The high level principles expressed in the Investing survey and proposed for the new approach, are pretty difficult to argue with: put people at the centre; make better use of a wide range of information; work in partnership and build trust; and provide clear goals and robust measures.

In responding to these unobjectionable, high-level principles, it will be important not to lose sight of what was lacking or at great risk in the previous government’s approach.

Social investment is great when it means investing more resources up-stream, preventing social ills from developing or nipping them in the bud early on; it’s not useful if it just means increasingly narrower targeting of help or resources for a smaller group of a stigmatised ‘most vulnerable’ (like Predictive Risk Modeling, or our own real-life, unreliable version of the movie “Minority Report”).

Social investment is great when it helps us identify how to improve well-being for more people and society as a whole; its not useful when it is just a means to identify where to save funding and make cut backs.

Social investment is great when it addresses social (systemic) causes of undesirable outcomes; it’s not helpful if it’s just a more sophisticated way of ‘blaming the victim’ and individualising what are fundamentally societal problems.

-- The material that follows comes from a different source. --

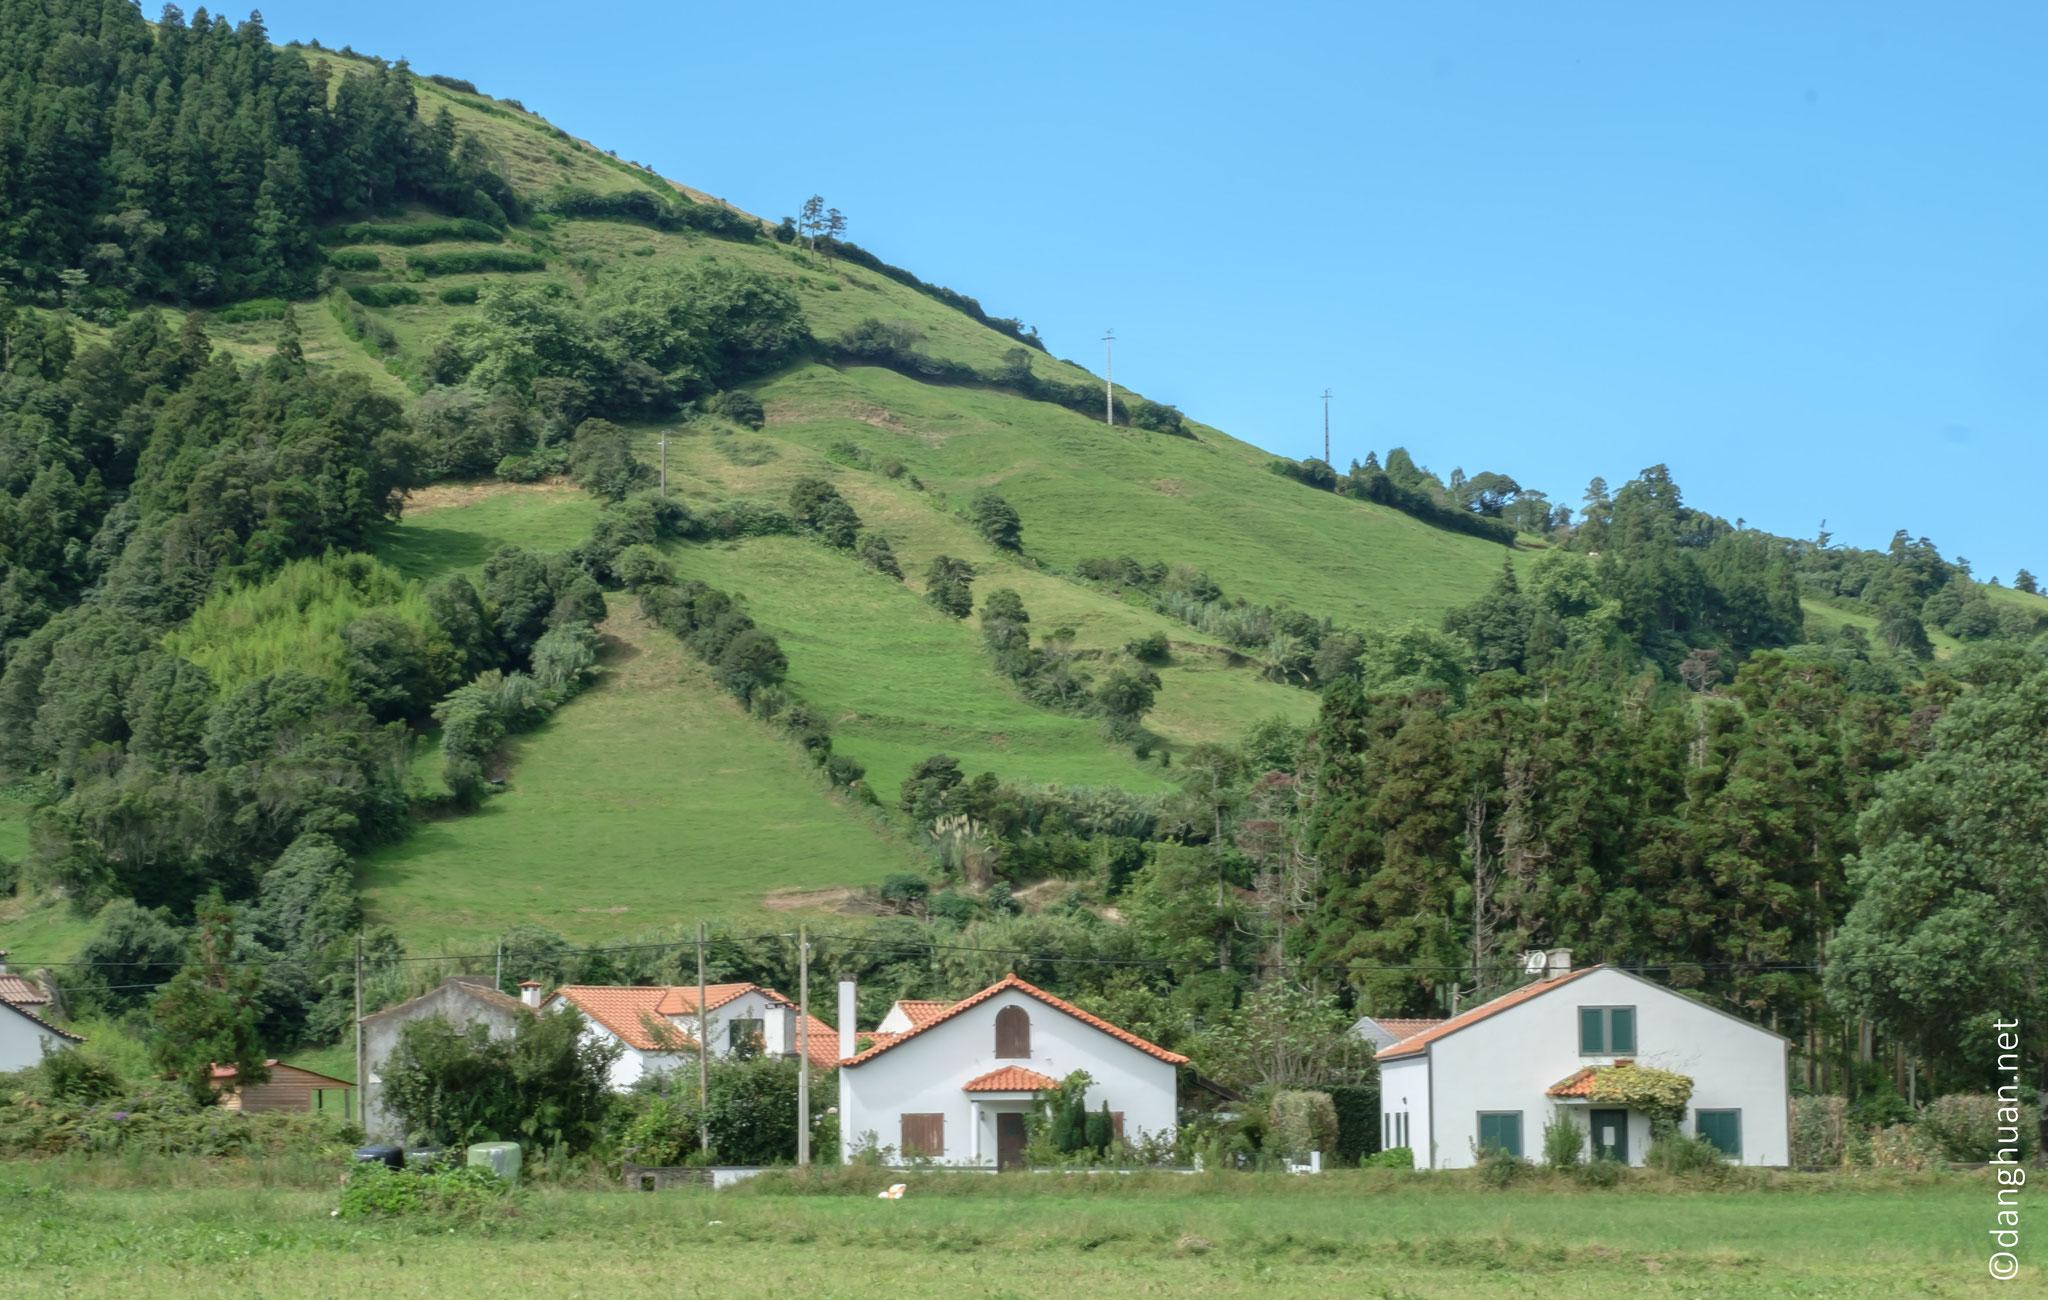 Caldeira de Sete Cidades- village

Social investment is great when it monitors impact at a community-wide or even national level to make informed judgments about policy approaches; it’s not so useful when it tries to measure impact on an isolated, local NGO-basis. (The Social Investment Agency’s work on the social impact of public housing is a good example of it being used well.)

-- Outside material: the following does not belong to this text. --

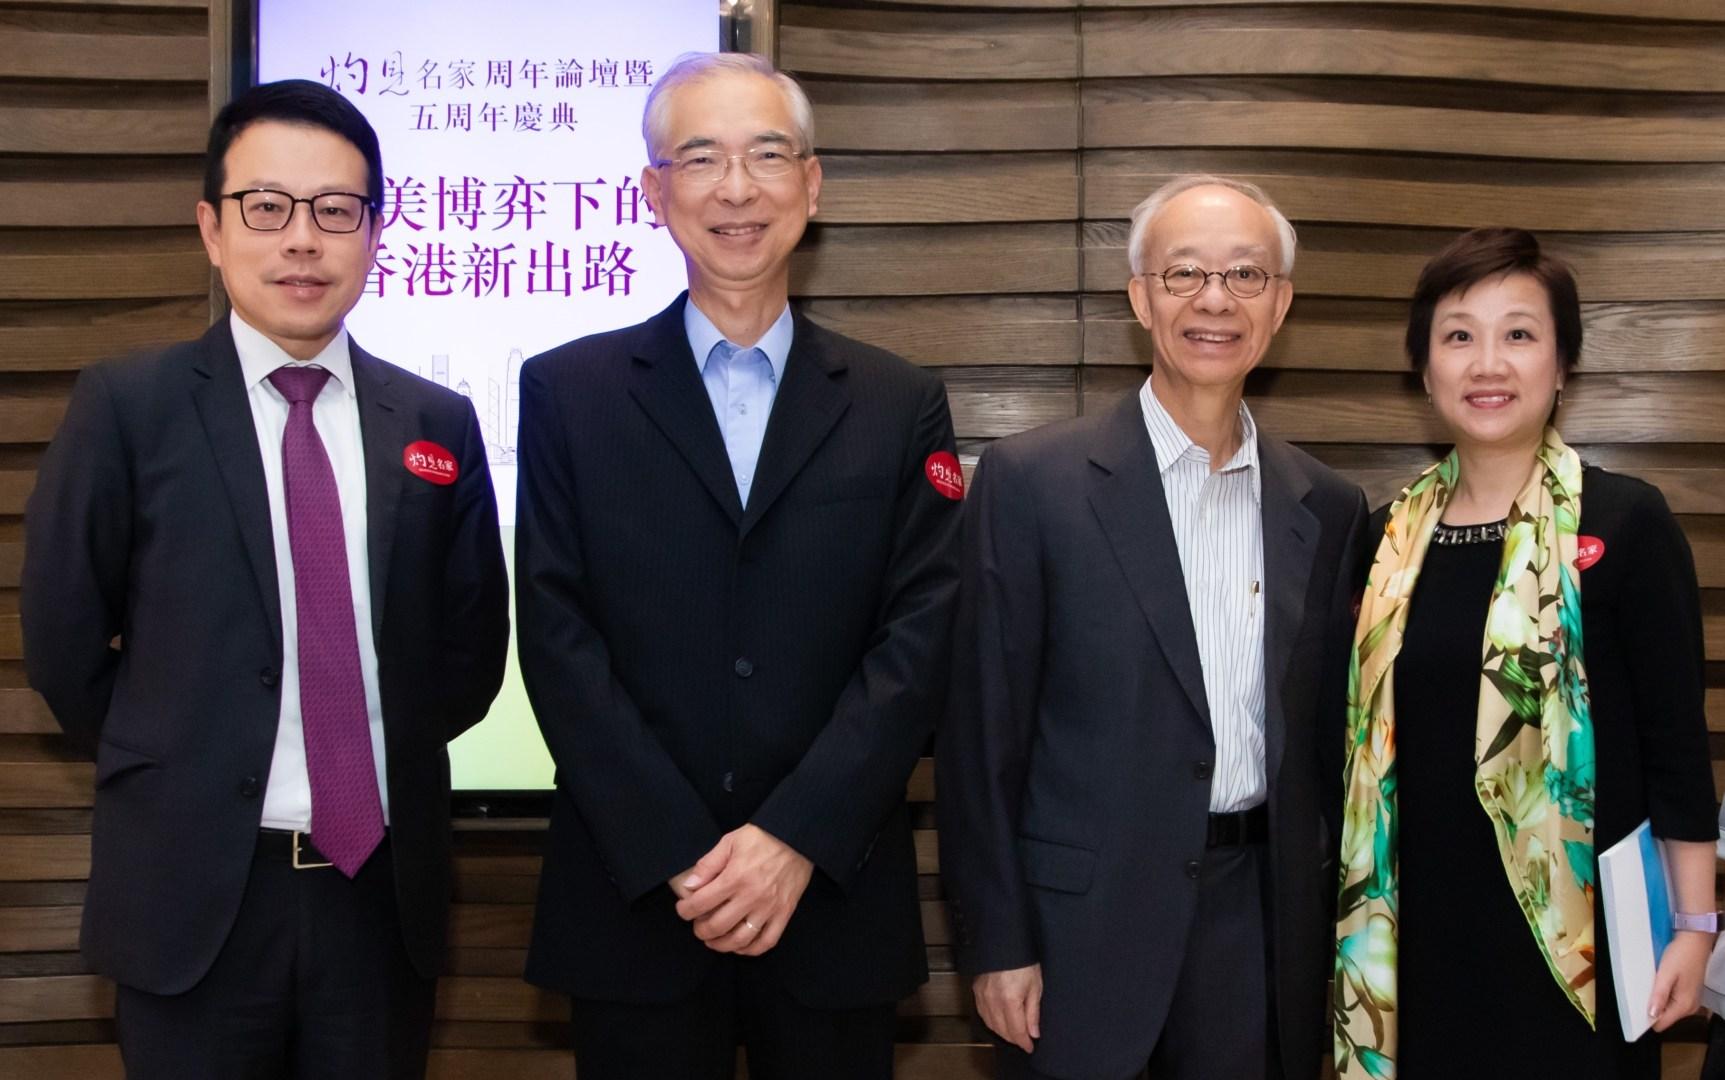 左起:香港房屋協會副行政總裁陳欽勉先生、地政總署前署長劉勵超先生、 屋宇署前署長鄔滿海先生、香港房屋協會助理總監(企業傳訊)梁綺蓮女士。

Social investment is great when it hears and responds to the voices of those directly experiencing social problems, and those grass roots workers, whanau and friends closest to them (bottom-up); its not useful if it gives most weight to distant ‘experts’ and large scale empirical averages (top-down).

This also means social policy will need to become more comfortable dealing with ambiguity, diversity and even apparently contradictory tensions. The elusive search for certainty and simple answers in social policy is more likely to lead us to be ‘precisely wrong’ rather than ‘roughly right’ in our responses. (Meth testing homes comes to mind.)


Staying ‘roughly right’ rather than lapsing into ‘precisely wrong’

Far too often in Western-dominated cultures, we privilege numbers over words. Numbers are great at summarising, standardising and reducing large amounts of information into more manageable (but potentially over-simplified) chunks, while words are best when we need to understand the complexity, inter-connectedness, diversity and fine-grained nuances associated with real lives and communities. The ‘small data’ of personal stories and interactions are at least as, if not more important than the ‘big data’ of mass collections.

As mathematician, Cathy O’Neill (2016) points out in “Weapons of Math Destruction: How Big Data Increases Inequality and Threatens Democracy”, big data’s tools are not neutral; they can be just another form of ‘racial profiling’, reinforcing pre-existing inequalities and discrimination and a ‘toxic cocktail for democracy’, because, although the algorithms are often opaque and difficult to contest, their mathematical simplicity means they are highly scalable, thereby amplifying any inherent biases across increasingly larger populations.

Predictive Risk Modeling (PRM) fits like a glove the neo-liberal agenda of an ever-shrinking state, ever-tightening targeting aimed squarely at pathologising families and victim-blaming, wrapped up in actuarial mumbo-jumbo. Ironically the work on PRM on child abuse and neglect in Aotearoa New Zealand has (inadvertently) identified the need to prioritise tackling the social problem of poverty if we want to prevent child maltreatment across society. While the big picture is clear, the predictive value of PRM on an individual level (which is how it was proposed to be used) is pretty fast and loose – with up to 69% false positives (more than two-thirds of those targeted not actually having substantiated maltreatment), almost as many false negatives (just over two-thirds of those with substantiated maltreatment not having been targeted), and Māori children being inaccurately targeted at a higher rate than non-Māori children.